Let's look at Event 2 as well.
{
"resource": {
"attributes": {
"deployment.environment.name": "bedrock-agentcore:default",
"aws.local.service": "my-agent.DEFAULT",
"service.name": "my-agent.DEFAULT",
"cloud.region": "us-west-2",
"aws.log.stream.names": "runtime-logs",
"telemetry.sdk.name": "opentelemetry",
"aws.service.type": "gen_ai_agent",
"telemetry.sdk.language": "python",
"cloud.provider": "aws",
"cloud.resource_id": "arn:aws:bedrock-agentcore:us-west-2:xxxxxxxxxxxx:runtime/my-agent-xxxx/runtime-endpoint/DEFAULT:DEFAULT",
"aws.log.group.names": "/aws/bedrock-agentcore/runtimes/my-agent-xxxx-DEFAULT",
"telemetry.sdk.version": "1.33.1",
"cloud.platform": "aws_bedrock_agentcore",
"telemetry.auto.version": "0.11.0-aws"
}
},
"scope": {
"name": "opentelemetry.instrumentation.botocore.bedrock-runtime",
"schemaUrl": "https://opentelemetry.io/schemas/1.30.0"
},
"timeUnixNano": 1756779796818481971,
"observedTimeUnixNano": 1756779796818488400,
"severityNumber": 9,
"severityText": "",
"body": {
"content": [
{
"text": "Tell me about S3 bucket security"
}
]
},
"attributes": {
"event.name": "gen_ai.user.message",
"gen_ai.system": "aws.bedrock"
},
"flags": 1,
"traceId": "68b6551285d1b1a532aa55b39fa596eb",
"spanId": "a02614dcd6a51732"
}
It continues with the specific question.
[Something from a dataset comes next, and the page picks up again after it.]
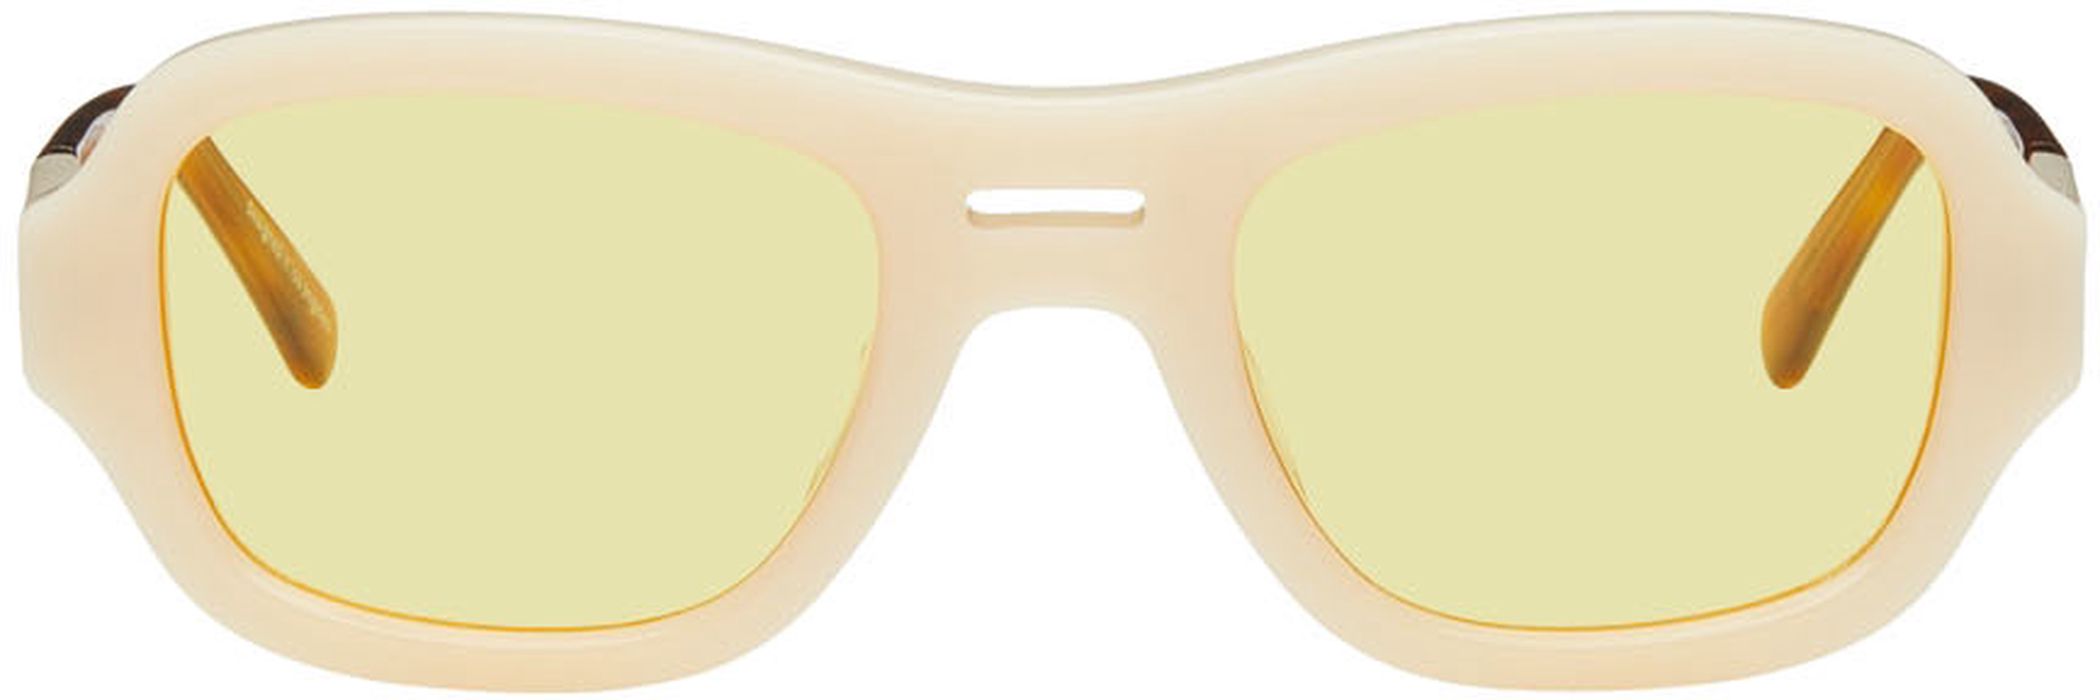 BONNIE CLYDE Beige & Yellow Maniac Sunglasses
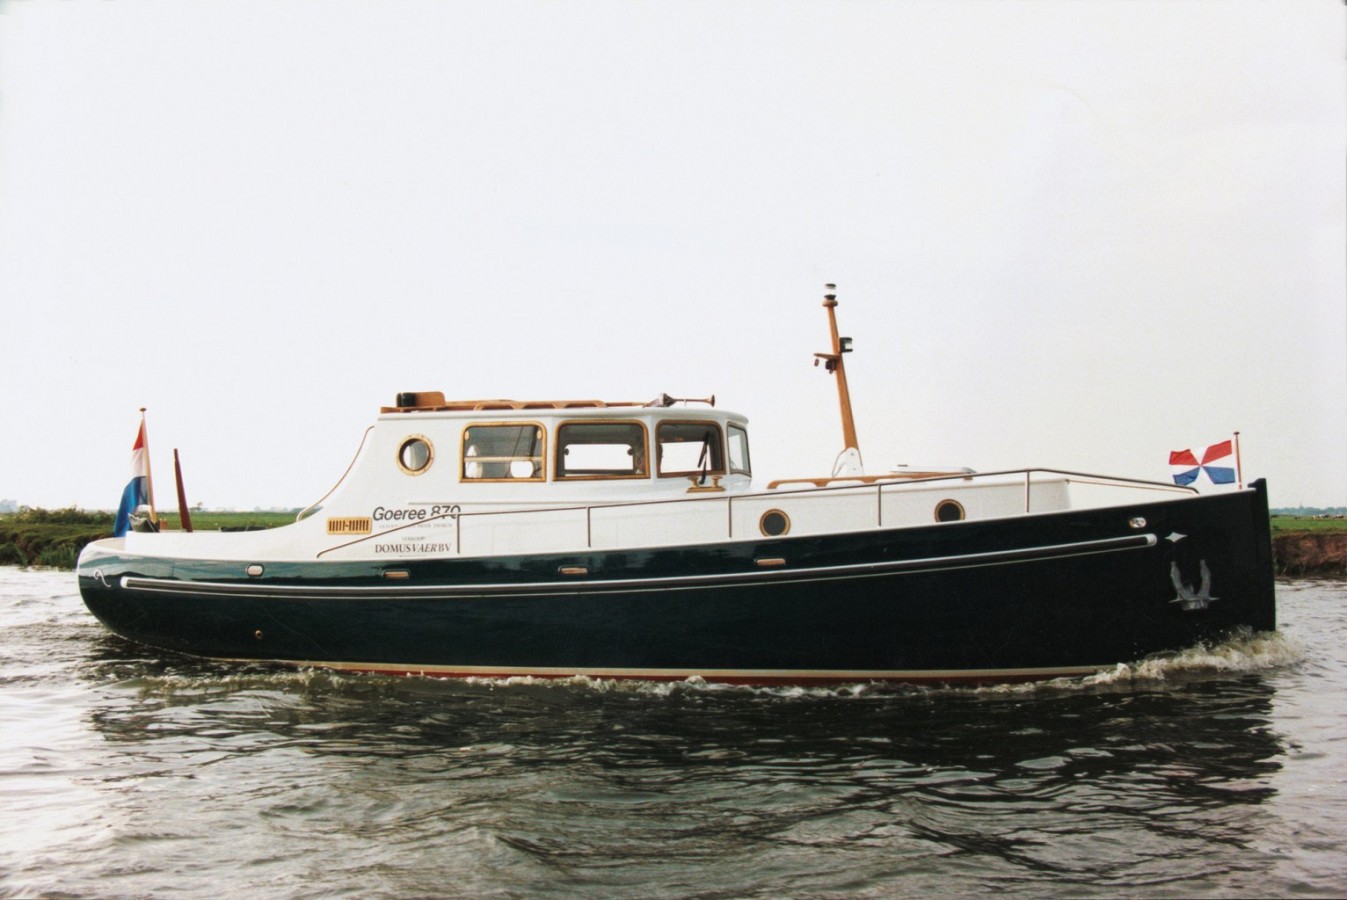 Goeree 870 Motor Yacht - Motor Sailer

It's very clear. The history includes past question history as well.
Event 6 contained the content of the weakness analysis question.
{
"resource": {
"attributes": {
"deployment.environment.name": "bedrock-agentcore:default",
"aws.local.service": "my-agent.DEFAULT",
"service.name": "my-agent.DEFAULT",
"cloud.region": "us-west-2",
"aws.log.stream.names": "runtime-logs",
"telemetry.sdk.name": "opentelemetry",
"aws.service.type": "gen_ai_agent",
"telemetry.sdk.language": "python",
"cloud.provider": "aws",
"cloud.resource_id": "arn:aws:bedrock-agentcore:us-west-2:xxxxxxxxxxxx:runtime/my-agent-xxxx/runtime-endpoint/DEFAULT:DEFAULT",
"aws.log.group.names": "/aws/bedrock-agentcore/runtimes/my-agent-xxxx-DEFAULT",
"telemetry.sdk.version": "1.33.1",
"cloud.platform": "aws_bedrock_agentcore",
"telemetry.auto.version": "0.11.0-aws"
}
},
"scope": {
"name": "opentelemetry.instrumentation.botocore.bedrock-runtime",
"schemaUrl": "https://opentelemetry.io/schemas/1.30.0"
},
"timeUnixNano": 1756779796818529300,
"observedTimeUnixNano": 1756779796818534000,
"severityNumber": 9,
"severityText": "",
"body": {
"content": [
{
"text": "Analyze my weaknesses"
}
]
},
"attributes": {
"event.name": "gen_ai.user.message",
"gen_ai.system": "aws.bedrock"
},
"flags": 1,
"traceId": "68b6551285d1b1a532aa55b39fa596eb",
"spanId": "a02614dcd6a51732"
}
Following this makes it easy to visually investigate what flow of behavior was performed.
Conclusion
I've looked at the dashboard, which is one of the features of Amazon Bedrock AgentCore Observability!
It's convenient that by enabling it with a button and deploying with built-in features, AI agents can be traced using the OpenTelemetry standard, allowing visual confirmation of AI agent behavior.
There are many viewpoints available, and I'd like to introduce how to use them in actual operations in the future!
I hope this article has been helpful to you. Thank you for reading to the end!!